Лыжи, если не подбиты нерпой – не лыжи. Они плохи на ходу, ноги быстро устают, а если в гору, то вообще замаешься – соскальзывают назад, капризничают. На неподбитых лыжах лучше вообще не ходить. Каждый сезон одного охотника их хозяйство обязательно спроваживает на север – стрелять нерпу. На всех. Пай тому охотнику начисляют, как за соболей. Но раз на раз не выходит, зверь всякий попадается – одна нерпа здоровая, шкура у нее – на подбой лучше и не надо, а другая изъязвлена внутренними червями, больная, под выстрел она, понимая, что спасения все равно нет, идет чуть ли не добровольно. Но одежда у нее такая, что хворую нерпу лучше не стрелять.
– Не ту шкуру ты взял, Алексеич, – Чириков тоже поколупал осыпавшееся место ногтем, – не ту-у…
– И Бог иногда ошибается, – проворчал Кучумов, вид у него был недовольным: к чему лишние слова?
Отошли от избушки с километр – снег был толстым, исчерчен строчками, каждая строчка свой рассказ имеет – если присмотреться внимательнее, то и непосвященный сообразит, о чем идет речь, каков след, кто кого догонял на снегу, кто кого ел, кто ночь коротал безмятежно, а кто в испуге трясся, в выветрине за прозрачным кустом норовил укрыться, но все равно не выдерживал, высовывал из лунки уши, вздрагивал, а потом и вовсе вылетал из постели, мчался в темень, не выспавшись и жалобно крича.
Ходьба по тайге, по увалам, сопкам, в обгиб заломов, которые соболь, кстати, охотно выбирает для обитания, – однообразна до одури, идешь-идешь и засыпаешь на ходу, все ощущения теряются, залом начинает нагромождаться на залом, скрип на скрип, дыханье на дыханье, снег на снег.
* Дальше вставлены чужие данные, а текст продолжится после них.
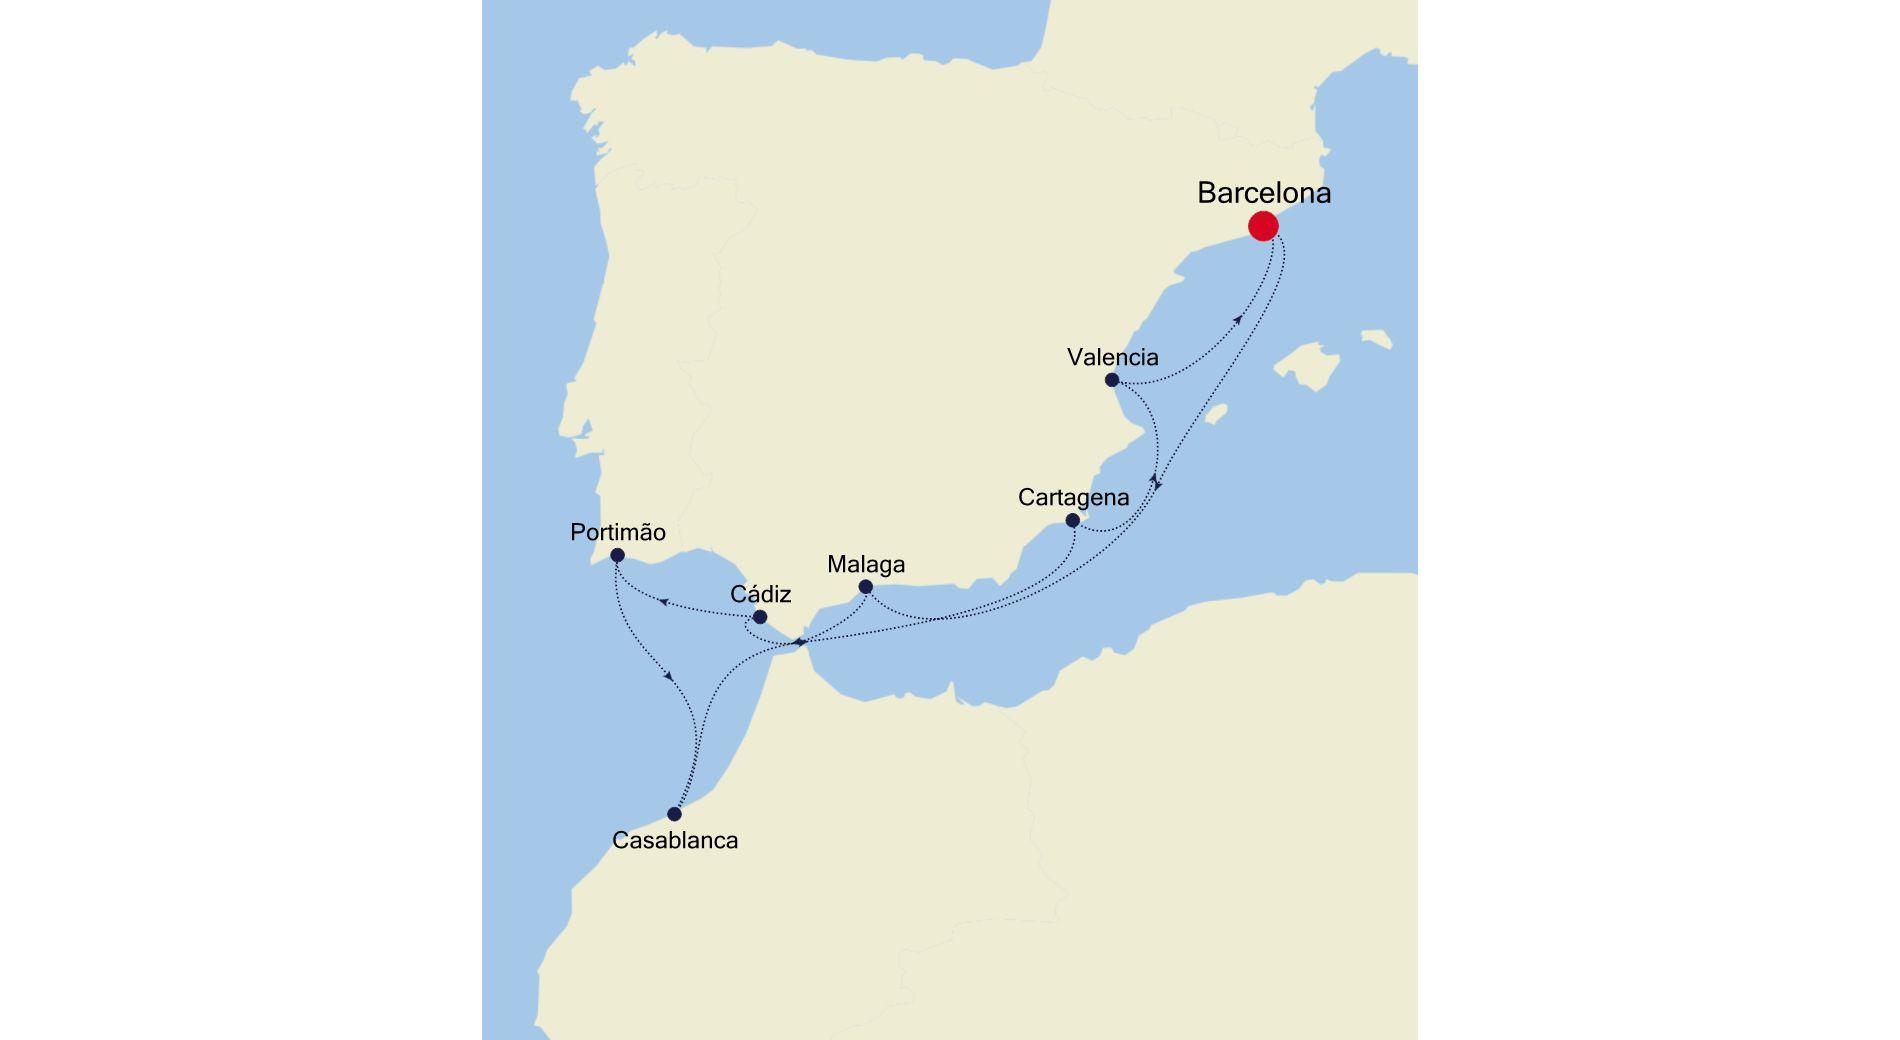 SS200914010 - Barcelona nach Barcelona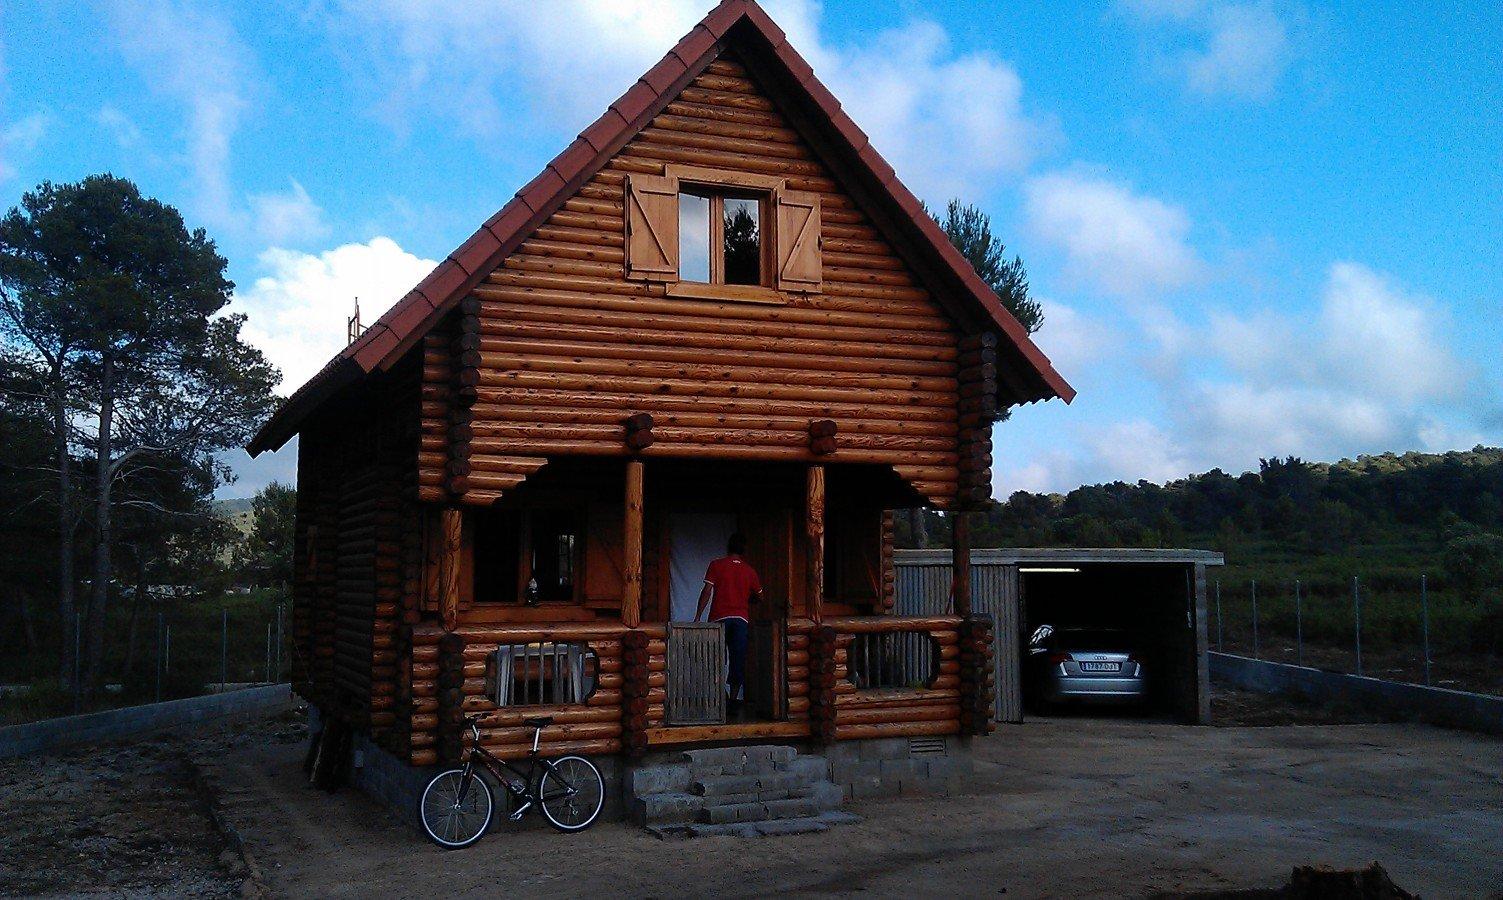 Barnizar y reparar una casa de madera vilafranca del - Casas de madera barcelona ...

Но все это до той поры, пока не наткнешься на нужный след – тогда вся изморь пропадает, начинается гон. Все приходит в возбуждение – и сам охотник, и лыжи его, и ружье, которое только что сваливалось с плеч, и собака, и сопки, что мрачными серыми пупырями горбятся вокруг, и древесное ломье, без которого соболь не может жить, для него ведь первое дело – пробежаться по поваленному стволу, как по асфальтовой ровной тропке, соболь это дело просто обожает. А еще он любит мясом баловаться, которое ему специально для приманки крошат…
Тайга – это не развлечение, а тяжкий труд, опасный и потный, и тому, кто согласился работать в тайге, надо создавать людские условия. Иначе лес скоро совсем пустым сделается – уйдут из него люди, одни только звери и будут жить, на радость себе и тому, кто из них наиболее зубастый.
Соболь, он в еде-питье особенно разборчив. Это чистый зверь. Изо рта у него, к примеру, никогда не пахнет, как из лисьей или медвежьей пасти, пообедав, соболек обязательно обиходит себя, снежку хапнет, чтобы зубам профилактику сделать, рот, как Чириков, прополощет, мордочку обмоет. Рыбку любит – гольца, кижуча, горбушку; ягоды ест – от рябины млеет и мурлычет по-кошачьи; орехи мастерски умеет колоть – только скорлупа летит, пространство вокруг густо засевает, работает соболь профессионально, споро; мышей гоняет, но из всех закусок больше всего выделяет глухариное и заячье мясо. Если глухариное или зайчиное мясо насыпать – считай, соболь у охотника в мешке. Приманка эта безотказная.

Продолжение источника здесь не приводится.